Luthor tempts the world’s supervillains with a $1 billion reward for delivering Superman to federal authorities, to “face charges of crimes against humanity.” (Who wants to bet Trump blames an incoming meteor on Obama before November?)
The story ends as you’d expect: Luthor descends irrevocably into madness, nearly self-destructing in his tunnel-vision quest to destroy a perceived enemy. But in a separate iteration of the President Luthor story, another Trump parallel emerges.
There are those who, in their desperate attempt to make sense of the dystopian mayhem that is the 2016 presidential election, believe that Trump isn’t running for president at all.
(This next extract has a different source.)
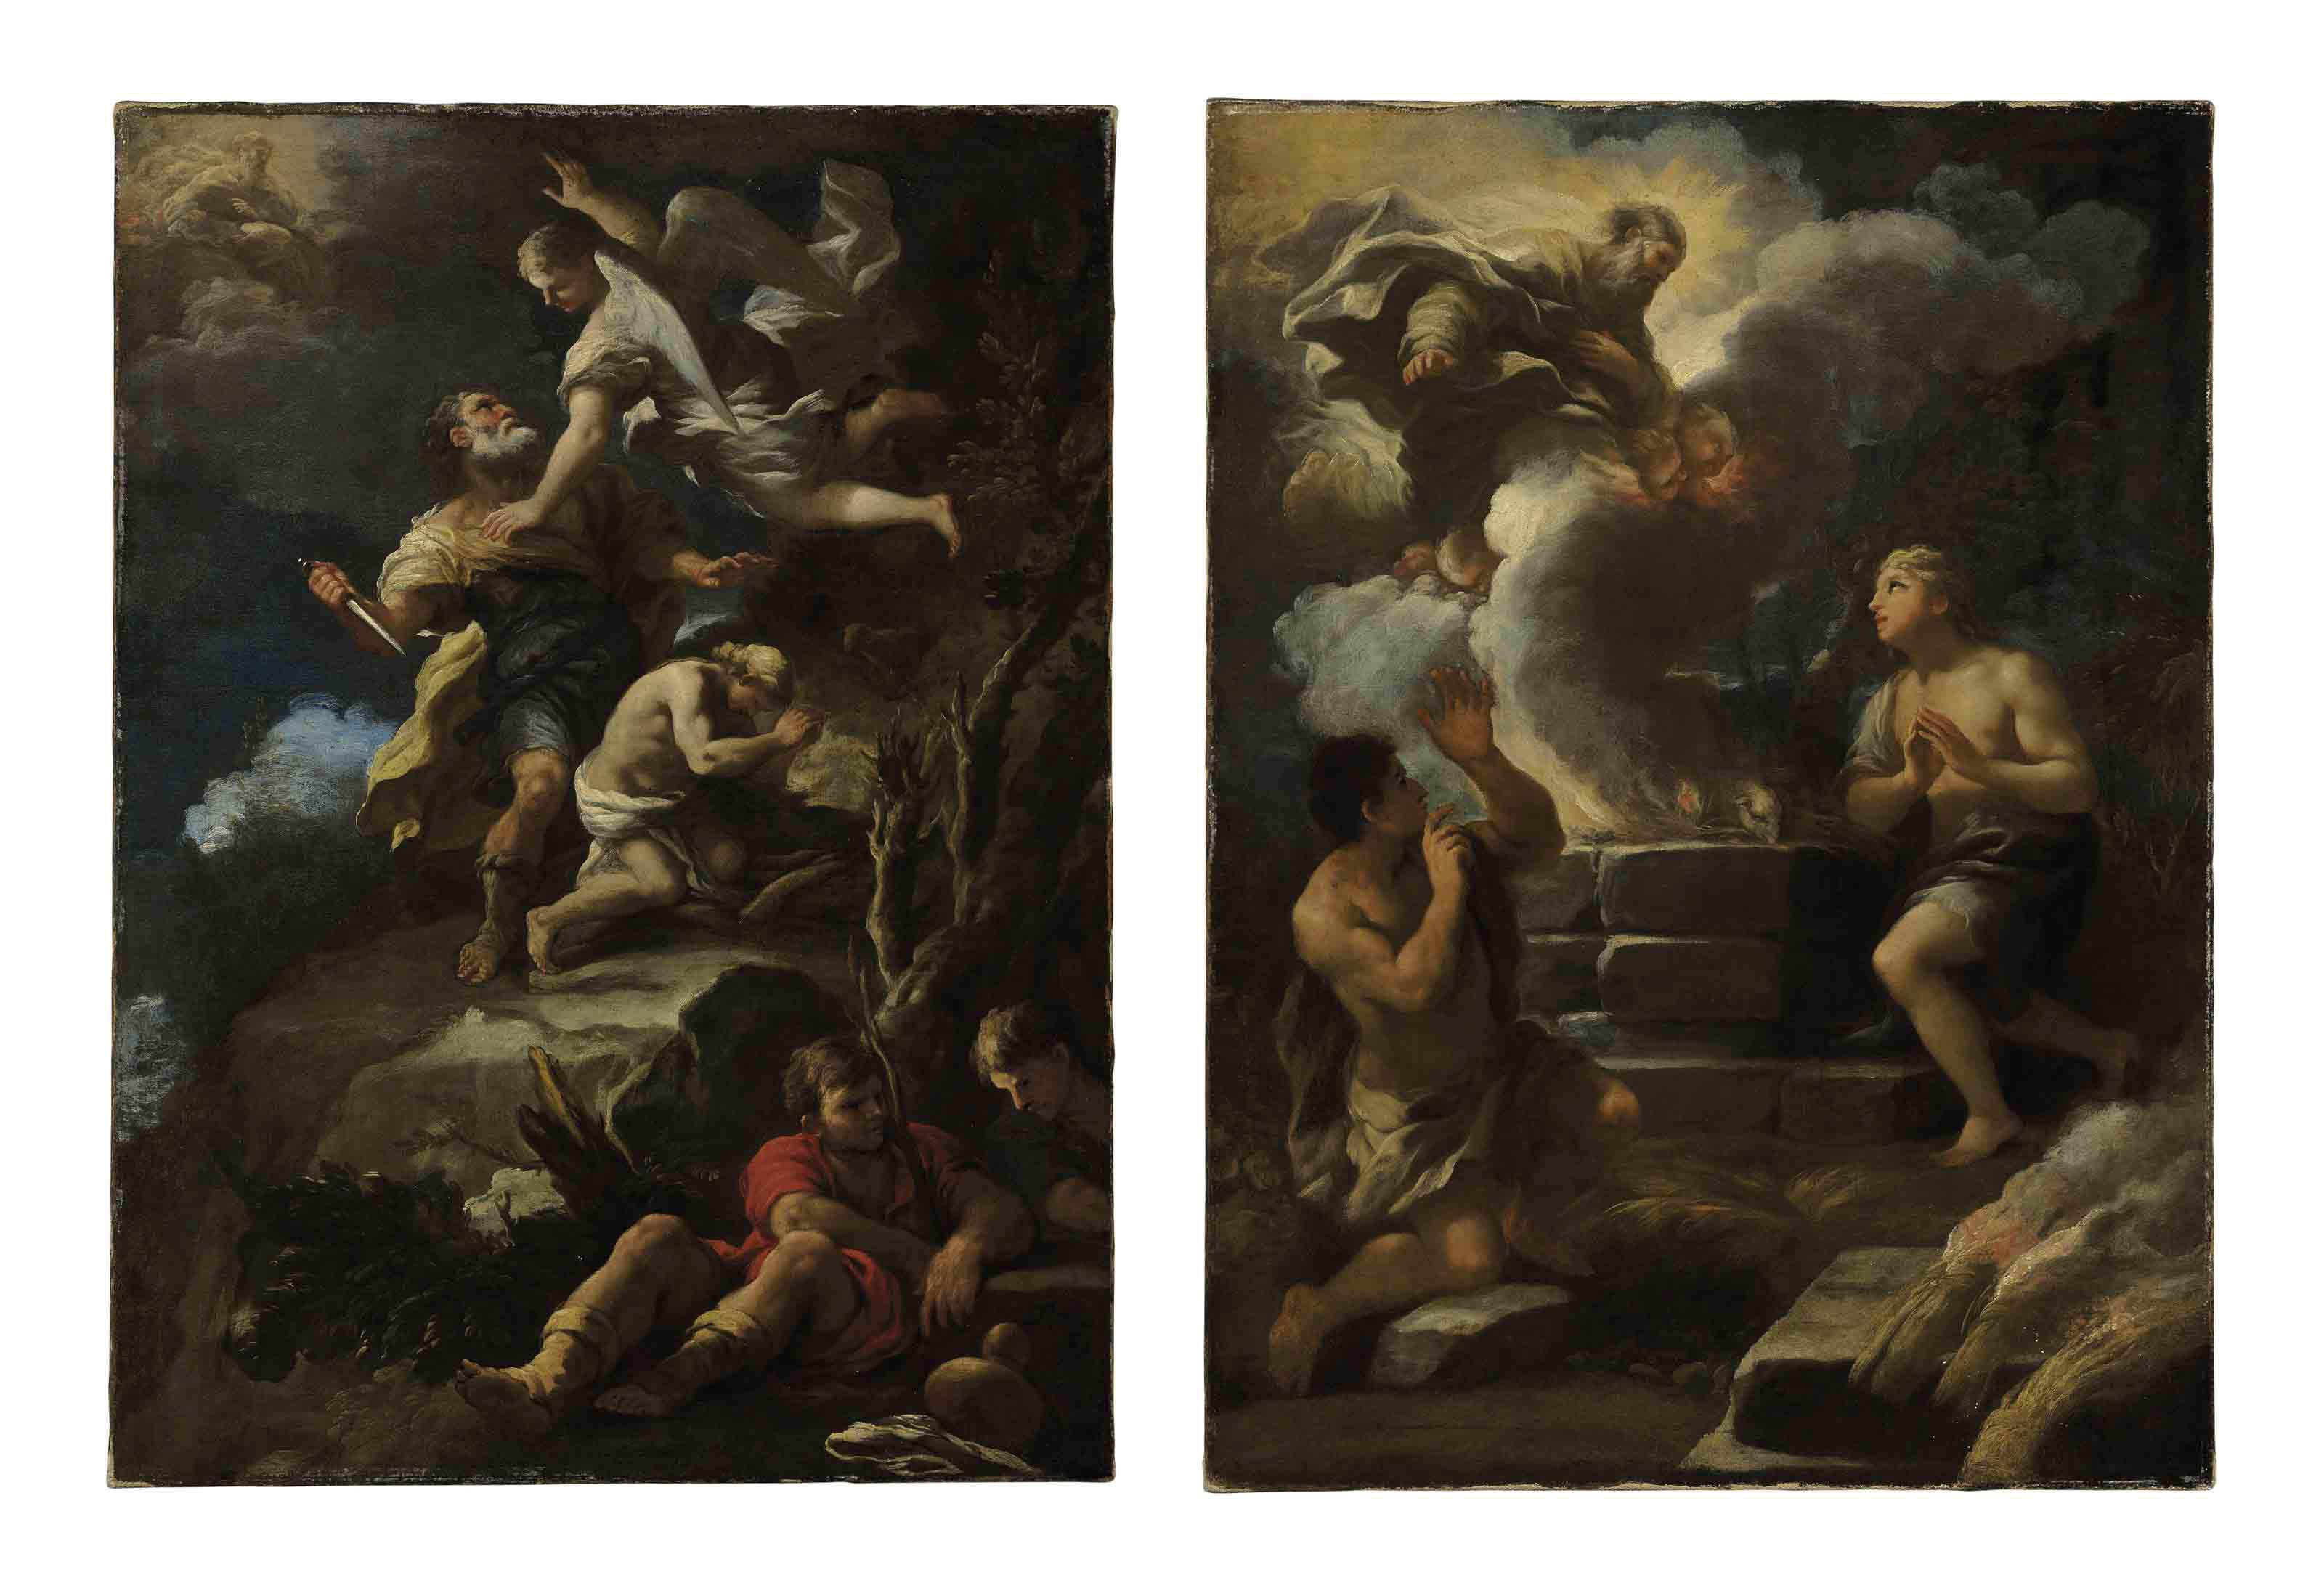 Luca Giordano, Fa Presto (Naples 1634-1705)

Instead, they think, he’s running simply for a brand boost, part of the world’s most toxic PR campaign, and he doesn’t want to be president at all.
In the animated DC Comics show Justice League Unlimited, Luthor runs for president with no intention of ever taking office. Detective-hero The Question confronts Luthor, intending to kill him before he gets elected and dooms the Earth (again). Then Luthor makes a chilling revelation:
“My campaign is a farce, a small part of a much larger scheme,” he scoffs at Question. “President. Do you know how much power I’d have to give up to be president?…I spent 75 million on a fake presidential campaign, all just to tick Superman off.”
The idea of Trump summoning enough foresight and restraint to pull off an entire fake presidential campaign is mostly laughable—he can’t apply enough foresight to finish his sentences coherently half the time. Trump seemingly also has no real, deep-held beliefs, not any he upholds consistently, anyway. And if Luthor is one thing, it’s consistent in his undying grudges.
But both Trump and Luthor do have a firm understanding of one ugly truth, that which carries campaigns built on hate so far. “If mankind has one common emotion—it’s fear,” Luthor tells Superman in Superman/Batman #6. “Fear of the unknown. Fear of what they can’t control.”
If there’s one idea that over 80 years of Superman stories have tried to instill in readers, it’s that hope must trump fear for the sake of the future. This isn’t Bizarro world, where everything is backward and upside down; this is 2016, and yet here we are. Let’s try not to let the Man of Steel down.